Given information:
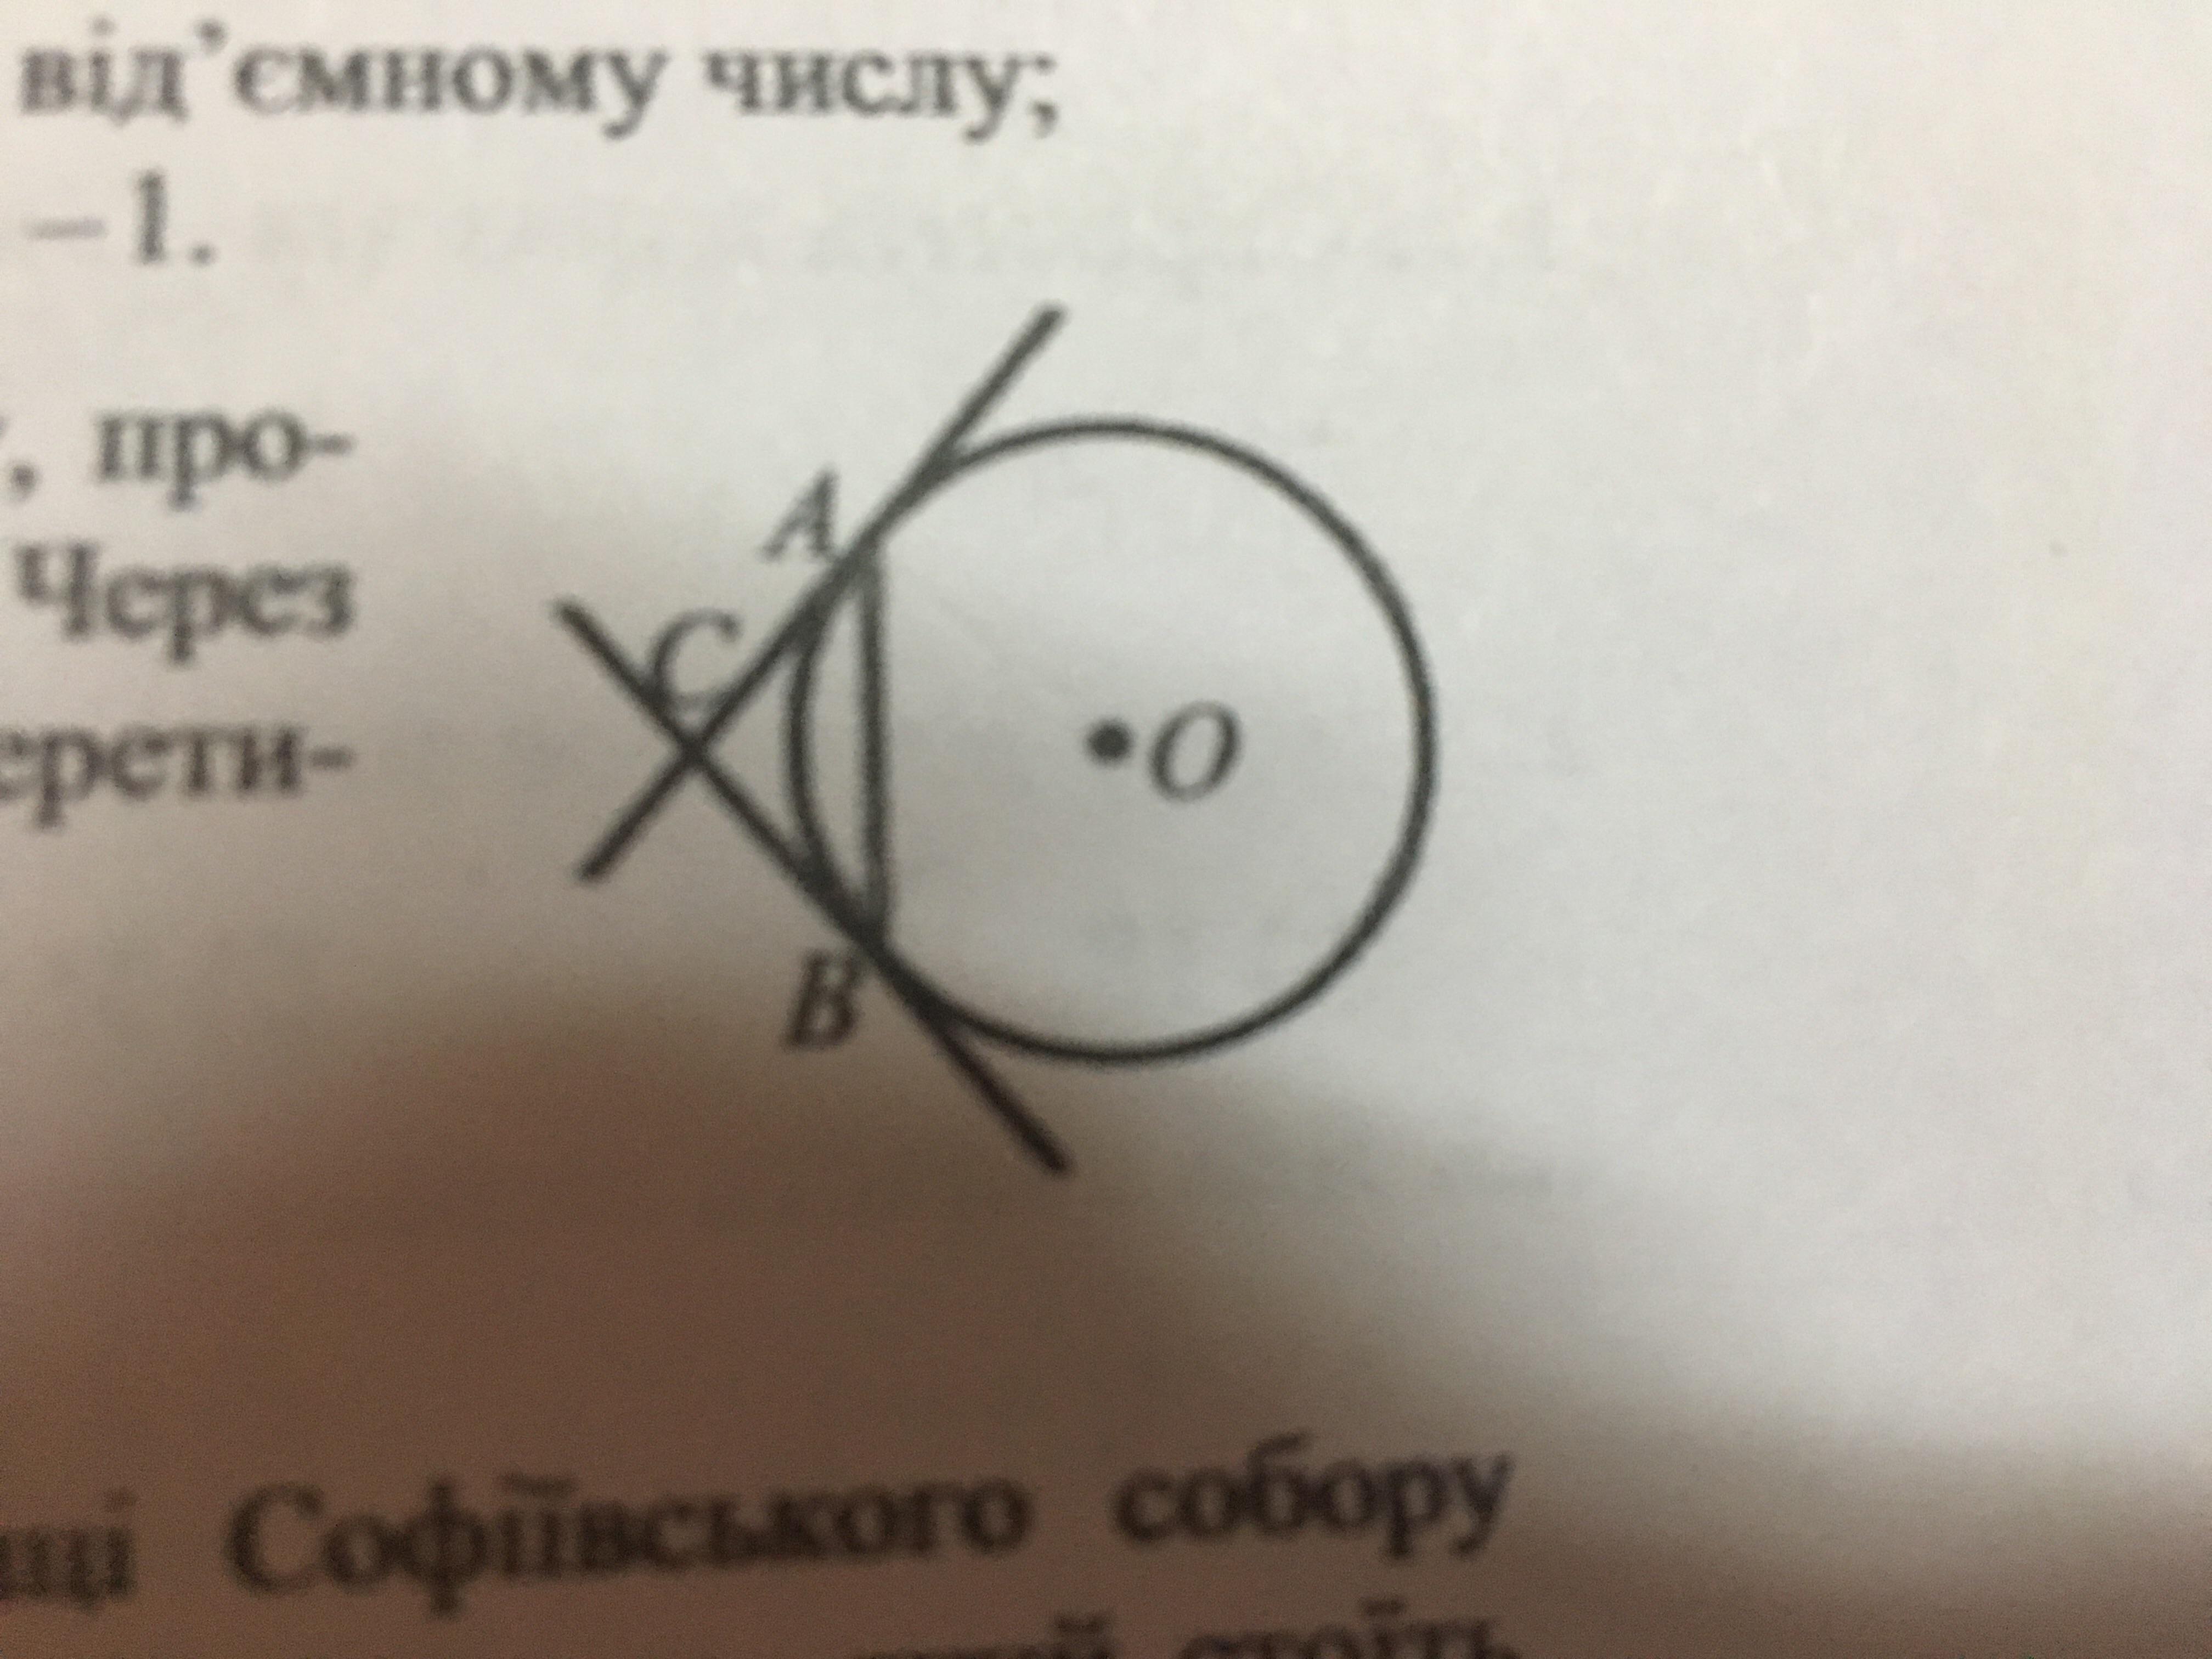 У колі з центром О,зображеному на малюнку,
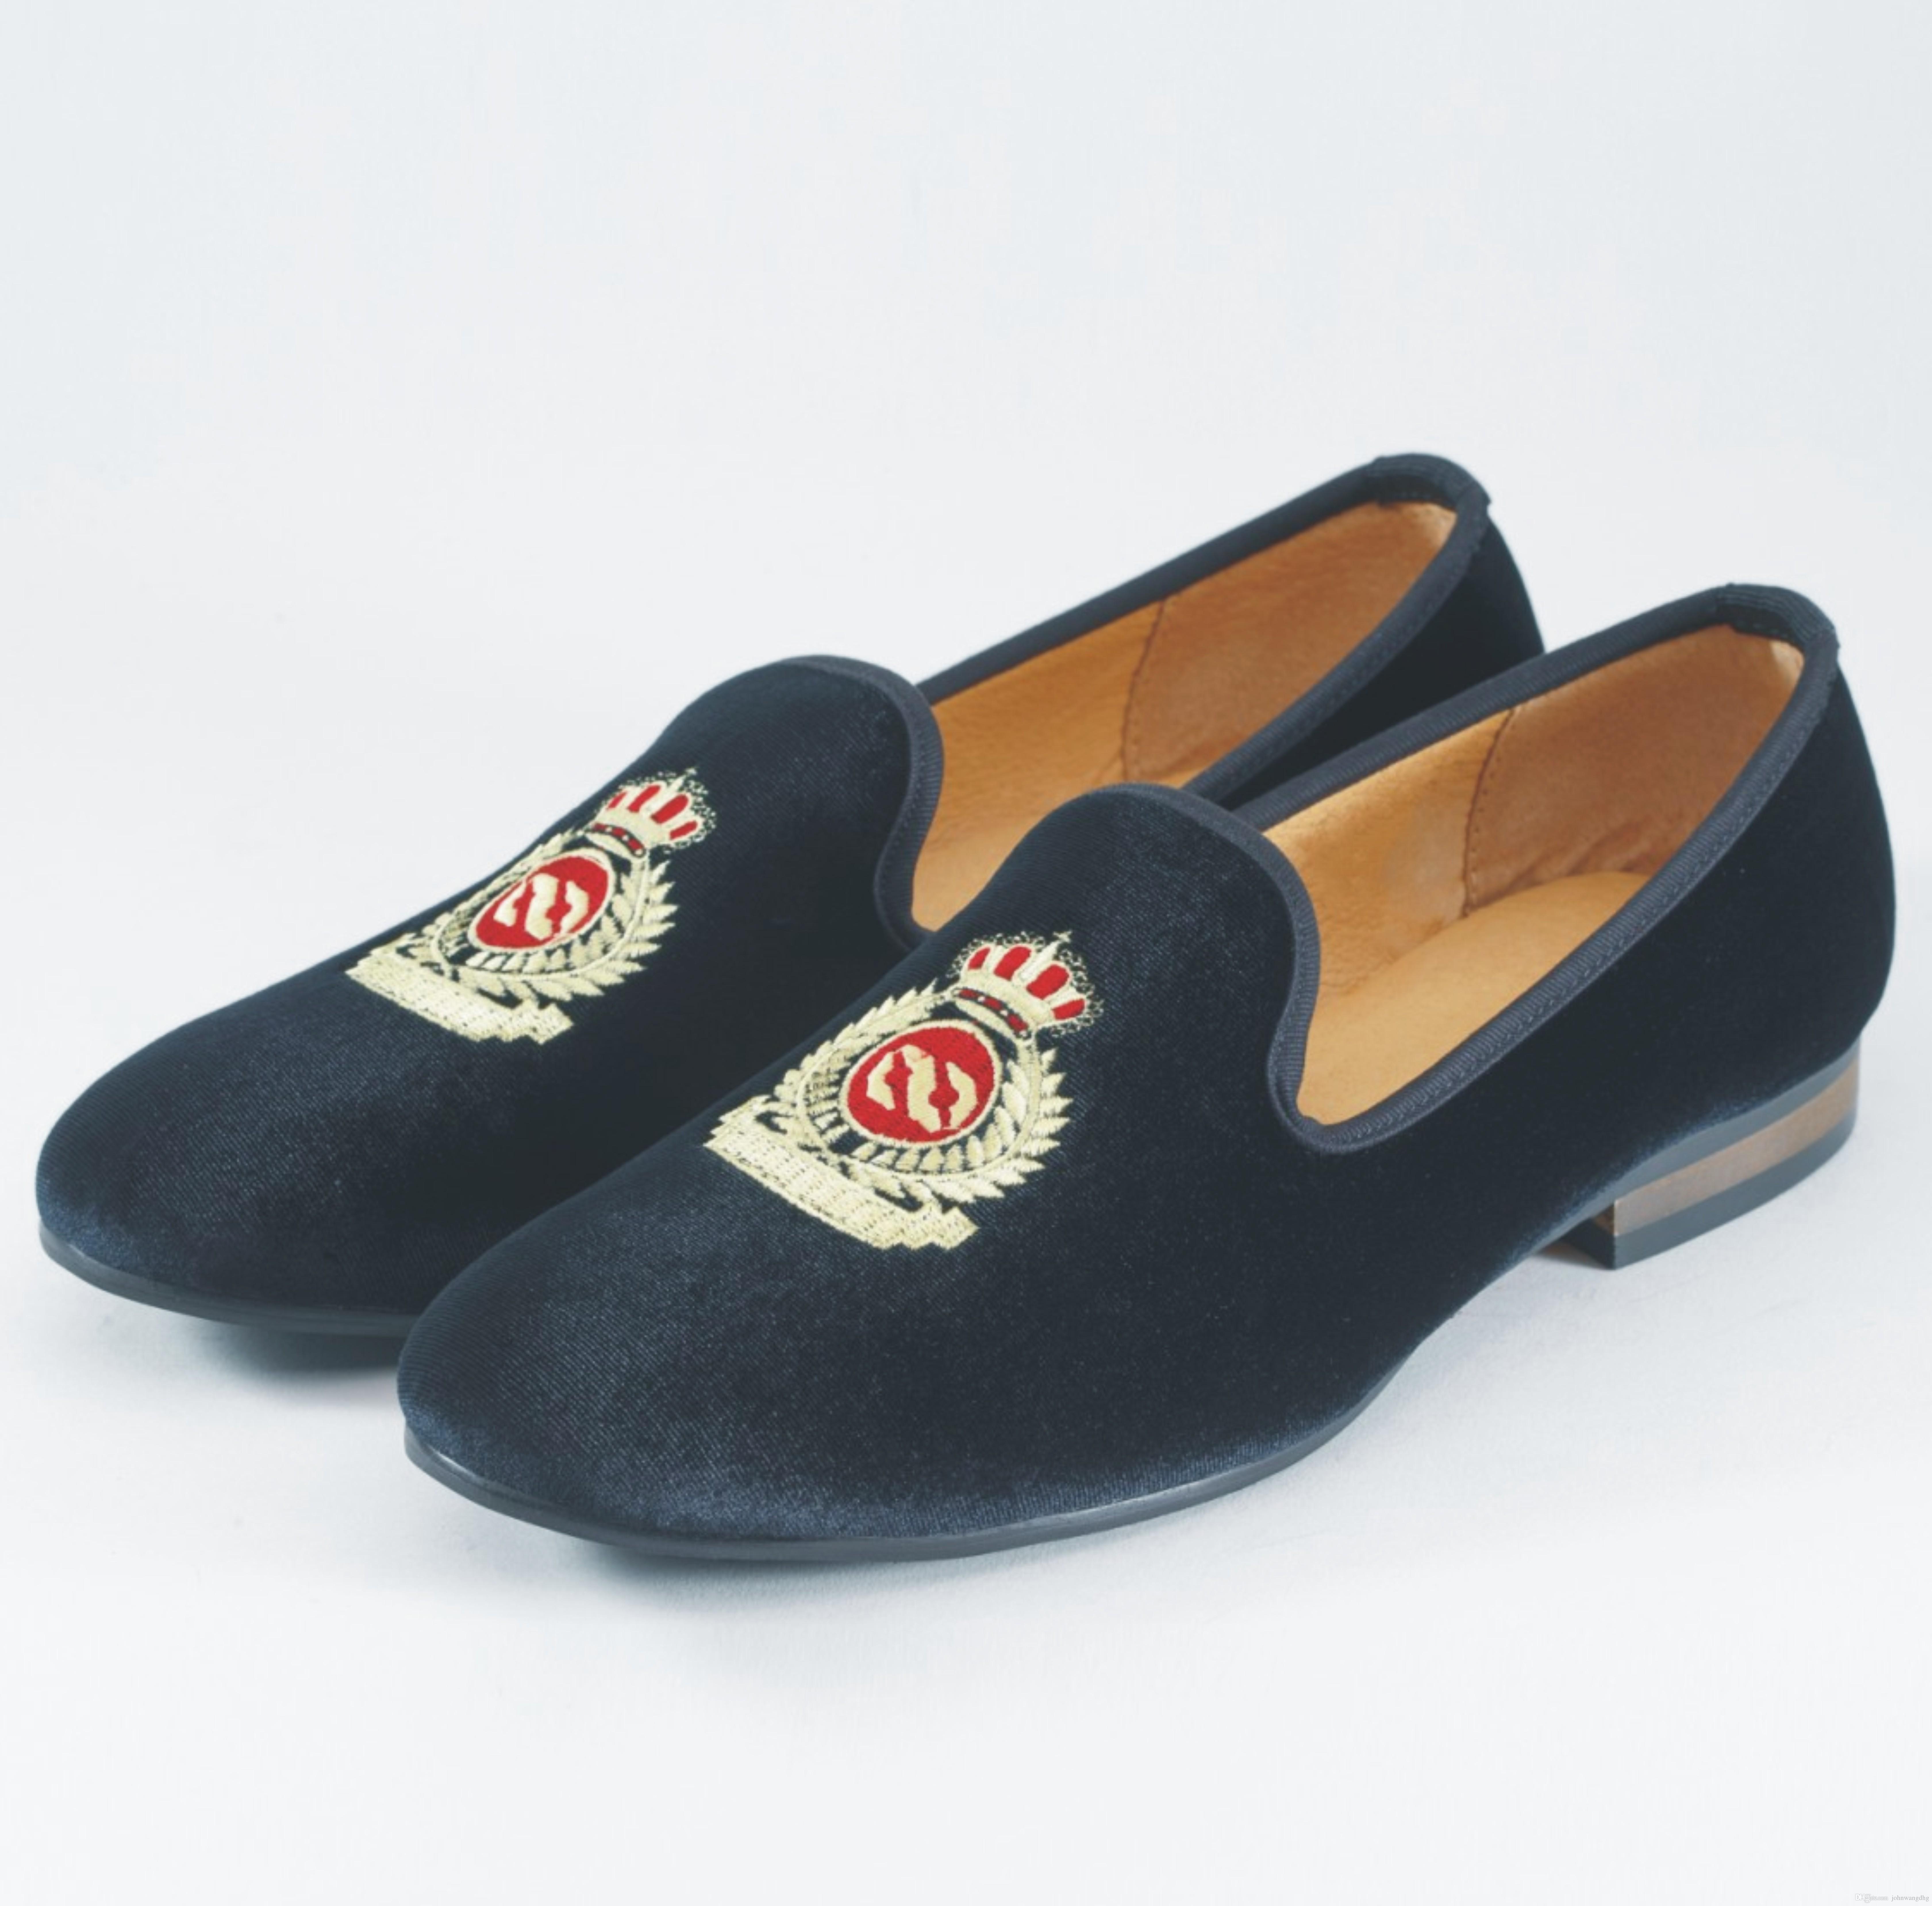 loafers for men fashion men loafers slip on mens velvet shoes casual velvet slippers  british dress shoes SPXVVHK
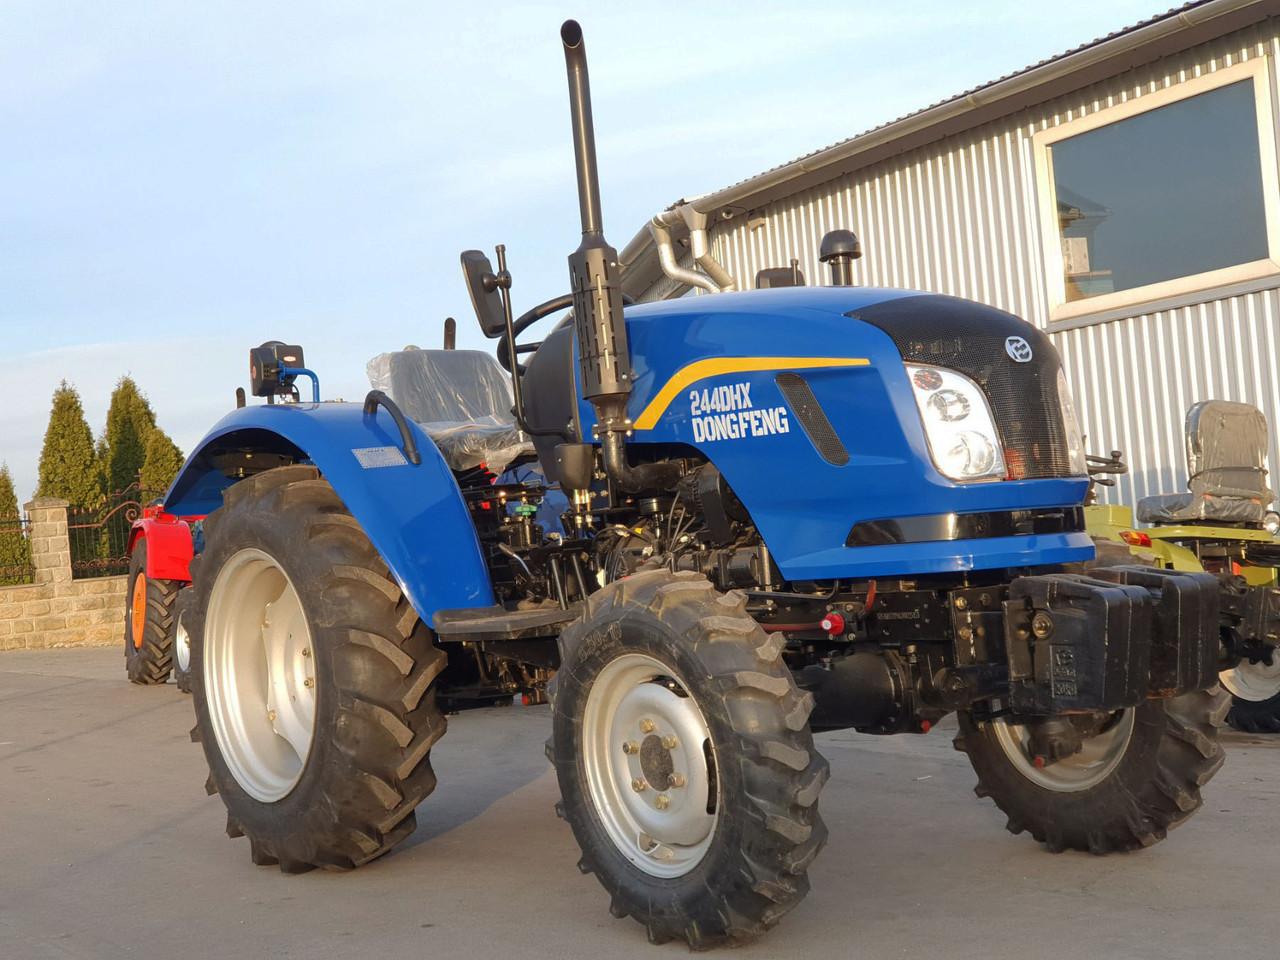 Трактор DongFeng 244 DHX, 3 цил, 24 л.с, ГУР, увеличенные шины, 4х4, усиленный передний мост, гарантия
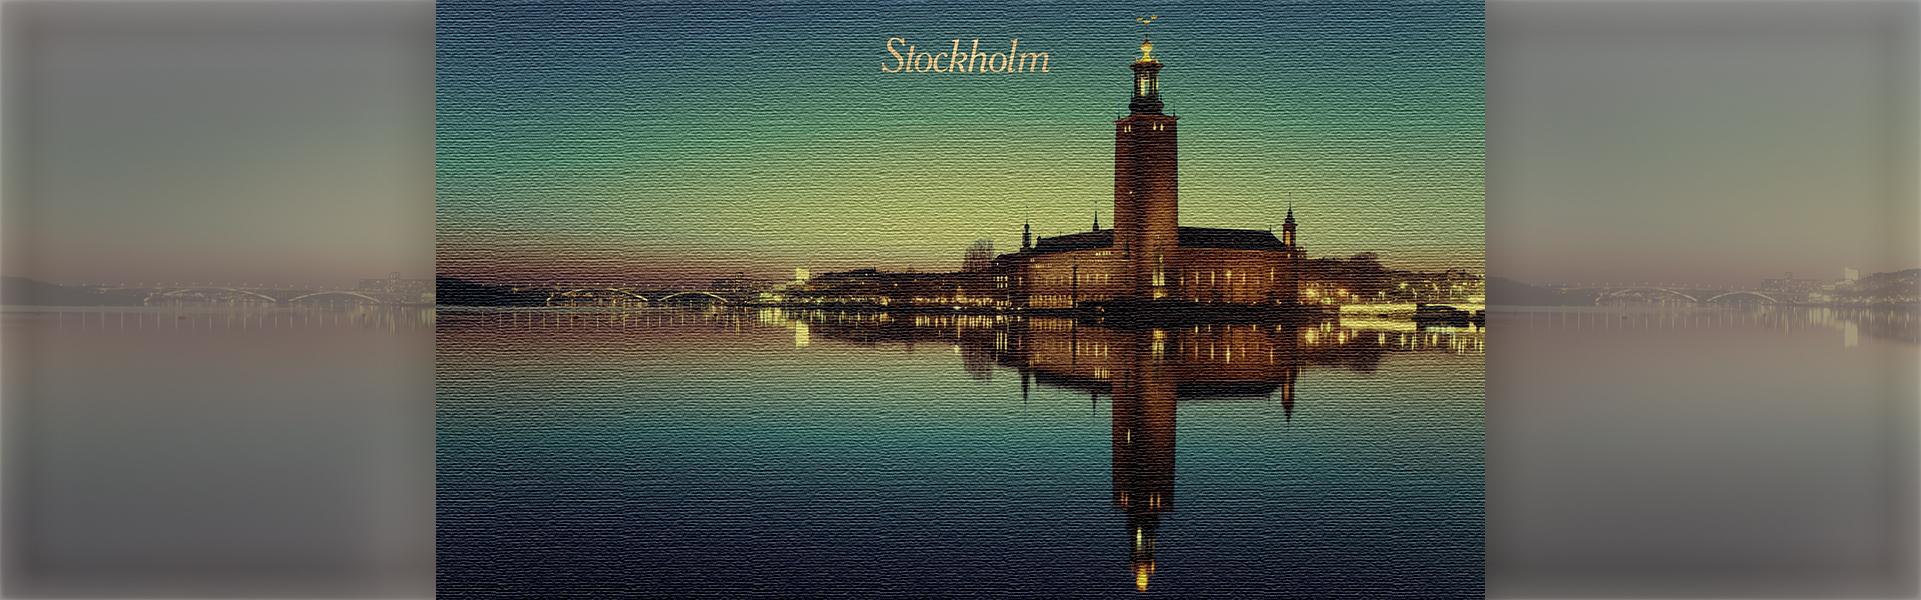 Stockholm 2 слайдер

The problem: Leave out every picture, and copy exactly the lines from the line that contains "loafers for men" through the end of the material.

Result of this exercise:
 loafers for men fashion men loafers slip on mens velvet shoes casual velvet slippers  british dress shoes SPXVVHK
 Трактор DongFeng 244 DHX, 3 цил, 24 л.с, ГУР, увеличенные шины, 4х4, усиленный передний мост, гарантия
 Stockholm 2 слайдер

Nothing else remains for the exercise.